So finally we saw the first episode of the much awaited mini series Akhri Station and it certainly did not disappoint. There is a feel to the drama which is evident from every scene and dialogue. The cast is well suited and the play keeps the viewers engaged till the last moment despite the dull and dim lighting, which by the way were very fitting to the situation.
It started with Sanam Saeed appearing very middle class, very somber and very practical. She has found a seat in women’s compartment of a local train with a few other women, including Malika Zafar shown as a mother with an infant, a friendly Pathan woman and a transgender who is thrown away from another compartment on this basis. This was followed by the entry of a very hassled and distressed woman called Yasmeen with a little girl.
Yasmeen is played by fashion model Eman Suleman whom I believe is acting in a drama for the first time, but maybe it’s just me who hasn’t seen her before. Her acting does leave a little to be desired but she is still doing a pretty decent job. It’s not an easy character to play but Eman is lending it the much needed raw vulnerability and passive aggression of an oppressed wife. Her hair and makeup less face is very suitable to the role. Her story is told in this first episode.
While it’s not a very unusual story, considering the social and cultural set up of Pakistan, such stories are rarely given any recognition in the mainstream media which is usually all about the glamorous divas with rich fathers and husbands and exciting careers of their own.
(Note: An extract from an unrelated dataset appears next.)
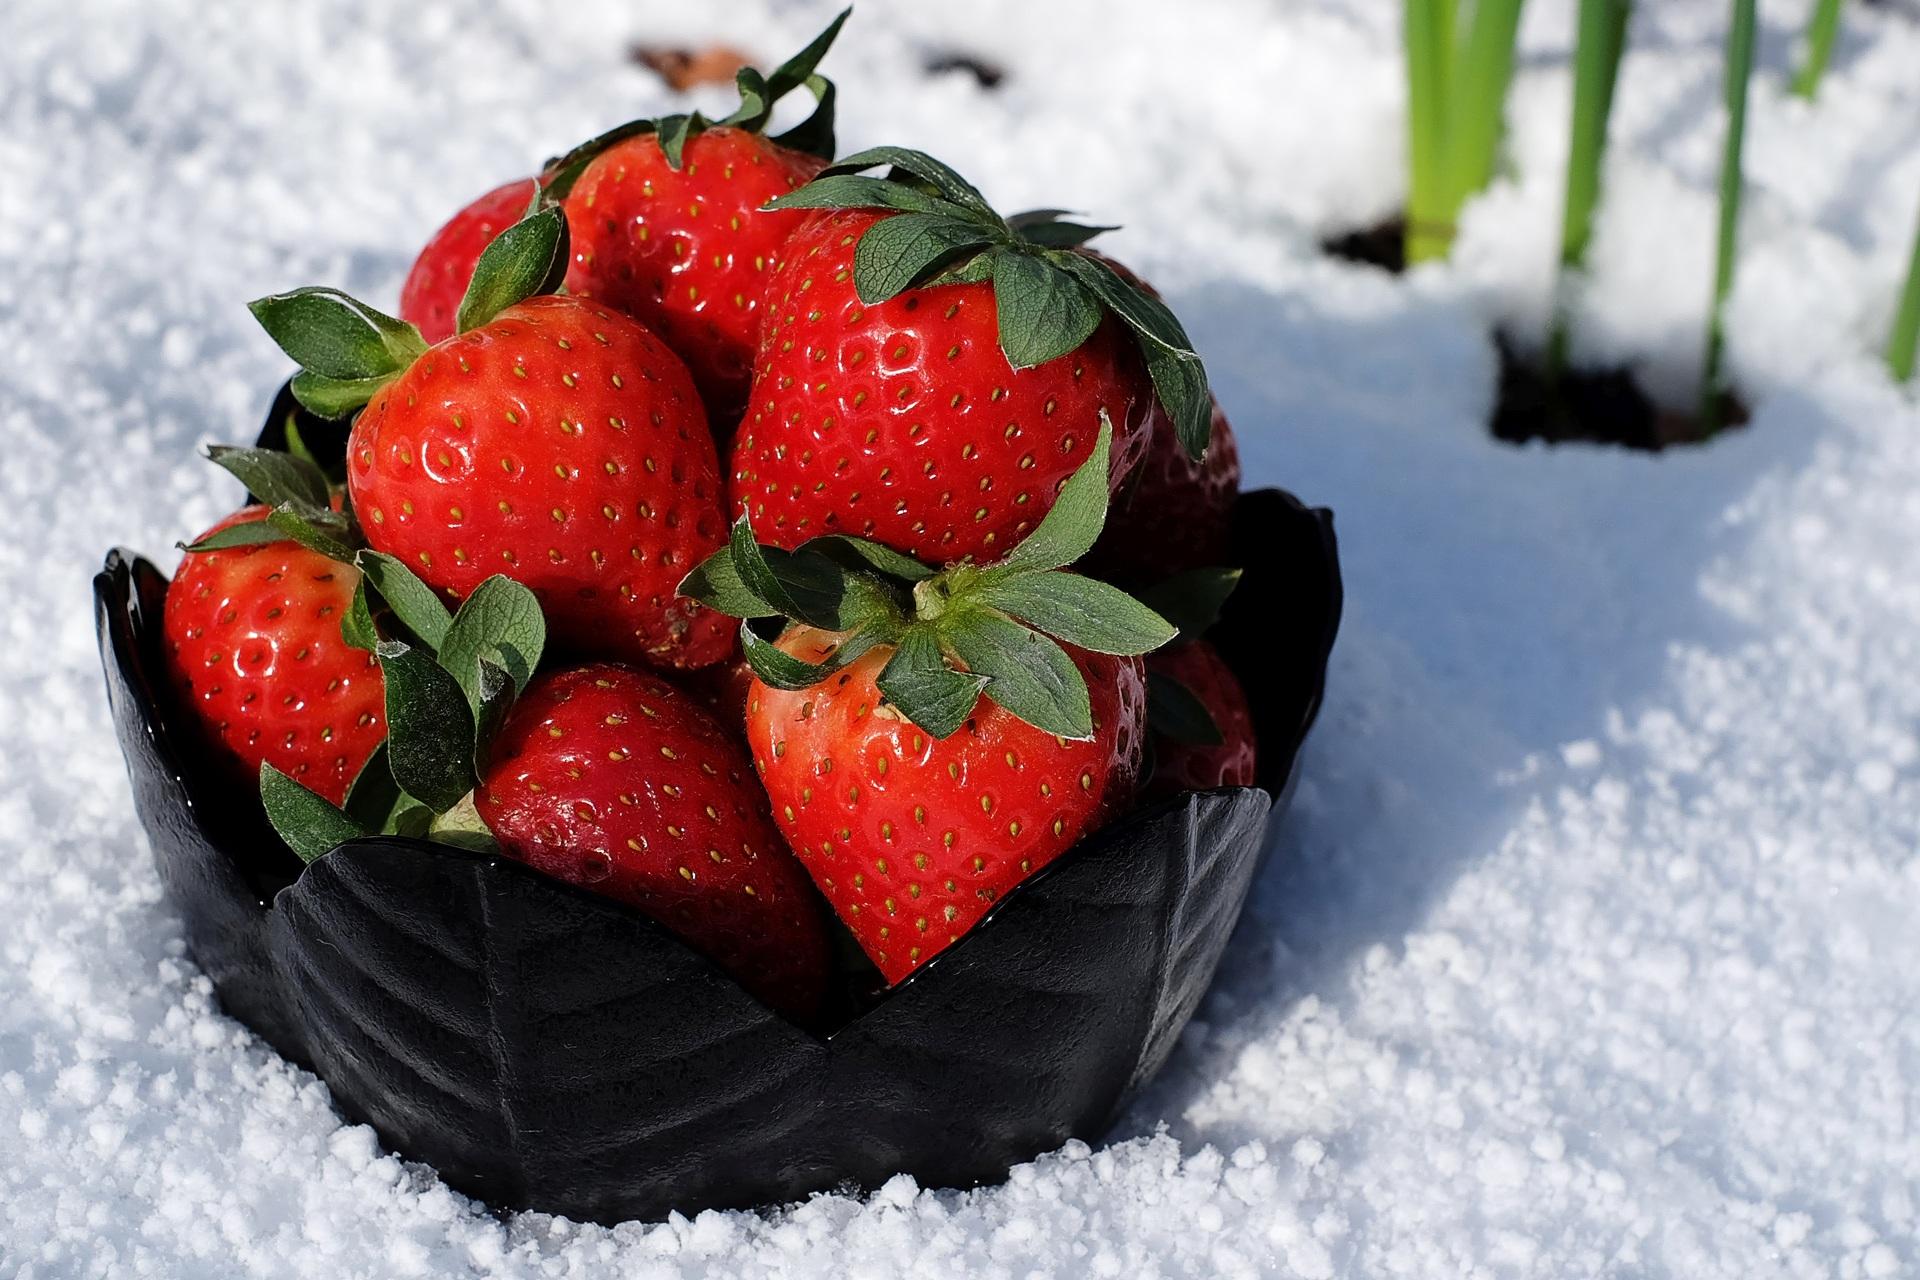 Strawberries | © Couleur pixabay.com

In reality, the majority of Pakistani woman are like Yasmeen, stuck with a man who does not have the sources or the ethics to try and provide for his own family, while the mother being a mother does everything possible to give her children a better life and future. She has no parents, a father in law who is supportive but useless and a mother in law who is in a typical fashion, blaming Yasmeen for her own son’s ugly habits and making excuses for him.
This leaves her with no one to turn to for her and her daughter’s needs. When the odds become higher and debts start to pile, her husband starts to use her as a prostitute. She is literally forced to have unwanted sexual encounters with clients that her husband brings so her daughter can have a decent meal. Yasmeen is distraught at the state of affairs and hides her face in shame whenever she is out. The milkman’s reaction was very aptly shown as most people are like this. They will waste their merchandise rather than give it for free to someone who is requesting it, who is then forced to illegal and dishonorable means to earn and when that money comes to them, they want to wash their hands before using such a filthy income. Oh, the irony of this world.
It is shown that Yasmeen was bearing all this but when she got to know that her husband is already marketing their daughter as a future prostitute and waiting for her to grow up to bring their “rizq”, proves to be the last straw for the mother in her. Tricking her parasite of a husband, Yasmeen runs away with her little one and ends up in this train compartment where she meets these strange women, all troubled in their own ways.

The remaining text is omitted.